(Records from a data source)
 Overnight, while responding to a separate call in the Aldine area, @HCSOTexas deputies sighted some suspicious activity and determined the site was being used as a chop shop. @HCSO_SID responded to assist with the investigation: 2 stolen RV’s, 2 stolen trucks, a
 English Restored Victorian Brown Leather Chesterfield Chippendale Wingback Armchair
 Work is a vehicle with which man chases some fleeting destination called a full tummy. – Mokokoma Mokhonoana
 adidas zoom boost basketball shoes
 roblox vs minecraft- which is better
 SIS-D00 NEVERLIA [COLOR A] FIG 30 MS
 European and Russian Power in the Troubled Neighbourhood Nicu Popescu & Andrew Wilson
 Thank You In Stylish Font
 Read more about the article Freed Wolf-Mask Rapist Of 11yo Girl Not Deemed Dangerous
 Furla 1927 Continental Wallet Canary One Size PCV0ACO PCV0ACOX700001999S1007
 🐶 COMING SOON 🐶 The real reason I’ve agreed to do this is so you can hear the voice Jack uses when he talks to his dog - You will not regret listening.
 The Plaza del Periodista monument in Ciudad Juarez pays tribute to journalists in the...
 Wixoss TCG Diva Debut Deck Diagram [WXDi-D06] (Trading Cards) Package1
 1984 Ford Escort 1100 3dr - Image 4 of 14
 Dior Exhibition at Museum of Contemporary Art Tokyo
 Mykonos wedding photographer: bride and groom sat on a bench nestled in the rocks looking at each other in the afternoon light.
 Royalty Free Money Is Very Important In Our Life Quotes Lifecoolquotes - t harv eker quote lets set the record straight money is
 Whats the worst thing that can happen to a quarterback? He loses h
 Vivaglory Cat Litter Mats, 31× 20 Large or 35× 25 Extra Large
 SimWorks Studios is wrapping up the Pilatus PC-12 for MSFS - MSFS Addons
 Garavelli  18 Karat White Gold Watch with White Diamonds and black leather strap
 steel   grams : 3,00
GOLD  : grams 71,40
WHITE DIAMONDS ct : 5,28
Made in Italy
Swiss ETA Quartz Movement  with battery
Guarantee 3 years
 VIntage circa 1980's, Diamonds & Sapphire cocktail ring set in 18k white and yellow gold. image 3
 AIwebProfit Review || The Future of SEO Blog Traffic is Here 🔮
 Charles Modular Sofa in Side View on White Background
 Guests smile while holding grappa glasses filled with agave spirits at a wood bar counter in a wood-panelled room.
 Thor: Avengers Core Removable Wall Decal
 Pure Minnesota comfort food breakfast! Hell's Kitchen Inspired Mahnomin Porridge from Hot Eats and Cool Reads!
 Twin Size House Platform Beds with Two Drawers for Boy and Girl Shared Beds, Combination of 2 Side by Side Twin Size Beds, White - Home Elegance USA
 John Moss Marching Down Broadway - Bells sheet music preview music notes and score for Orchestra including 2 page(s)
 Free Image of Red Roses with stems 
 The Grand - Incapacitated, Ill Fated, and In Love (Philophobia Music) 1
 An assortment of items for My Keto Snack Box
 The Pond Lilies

• _Work item_
Print all the records exactly as written.

• _Response to the exercise_
 Overnight, while responding to a separate call in the Aldine area, @HCSOTexas deputies sighted some suspicious activity and determined the site was being used as a chop shop. @HCSO_SID responded to assist with the investigation: 2 stolen RV’s, 2 stolen trucks, a
 English Restored Victorian Brown Leather Chesterfield Chippendale Wingback Armchair
 Work is a vehicle with which man chases some fleeting destination called a full tummy. – Mokokoma Mokhonoana
 adidas zoom boost basketball shoes
 roblox vs minecraft- which is better
 SIS-D00 NEVERLIA [COLOR A] FIG 30 MS
 European and Russian Power in the Troubled Neighbourhood Nicu Popescu & Andrew Wilson
 Thank You In Stylish Font
 Read more about the article Freed Wolf-Mask Rapist Of 11yo Girl Not Deemed Dangerous
 Furla 1927 Continental Wallet Canary One Size PCV0ACO PCV0ACOX700001999S1007
 🐶 COMING SOON 🐶 The real reason I’ve agreed to do this is so you can hear the voice Jack uses when he talks to his dog - You will not regret listening.
 The Plaza del Periodista monument in Ciudad Juarez pays tribute to journalists in the...
 Wixoss TCG Diva Debut Deck Diagram [WXDi-D06] (Trading Cards) Package1
 1984 Ford Escort 1100 3dr - Image 4 of 14
 Dior Exhibition at Museum of Contemporary Art Tokyo
 Mykonos wedding photographer: bride and groom sat on a bench nestled in the rocks looking at each other in the afternoon light.
 Royalty Free Money Is Very Important In Our Life Quotes Lifecoolquotes - t harv eker quote lets set the record straight money is
 Whats the worst thing that can happen to a quarterback? He loses h
 Vivaglory Cat Litter Mats, 31× 20 Large or 35× 25 Extra Large
 SimWorks Studios is wrapping up the Pilatus PC-12 for MSFS - MSFS Addons
 Garavelli  18 Karat White Gold Watch with White Diamonds and black leather strap
 steel   grams : 3,00
GOLD  : grams 71,40
WHITE DIAMONDS ct : 5,28
Made in Italy
Swiss ETA Quartz Movement  with battery
Guarantee 3 years
 VIntage circa 1980's, Diamonds & Sapphire cocktail ring set in 18k white and yellow gold. image 3
 AIwebProfit Review || The Future of SEO Blog Traffic is Here 🔮
 Charles Modular Sofa in Side View on White Background
 Guests smile while holding grappa glasses filled with agave spirits at a wood bar counter in a wood-panelled room.
 Thor: Avengers Core Removable Wall Decal
 Pure Minnesota comfort food breakfast! Hell's Kitchen Inspired Mahnomin Porridge from Hot Eats and Cool Reads!
 Twin Size House Platform Beds with Two Drawers for Boy and Girl Shared Beds, Combination of 2 Side by Side Twin Size Beds, White - Home Elegance USA
 John Moss Marching Down Broadway - Bells sheet music preview music notes and score for Orchestra including 2 page(s)
 Free Image of Red Roses with stems 
 The Grand - Incapacitated, Ill Fated, and In Love (Philophobia Music) 1
 An assortment of items for My Keto Snack Box
 The Pond Lilies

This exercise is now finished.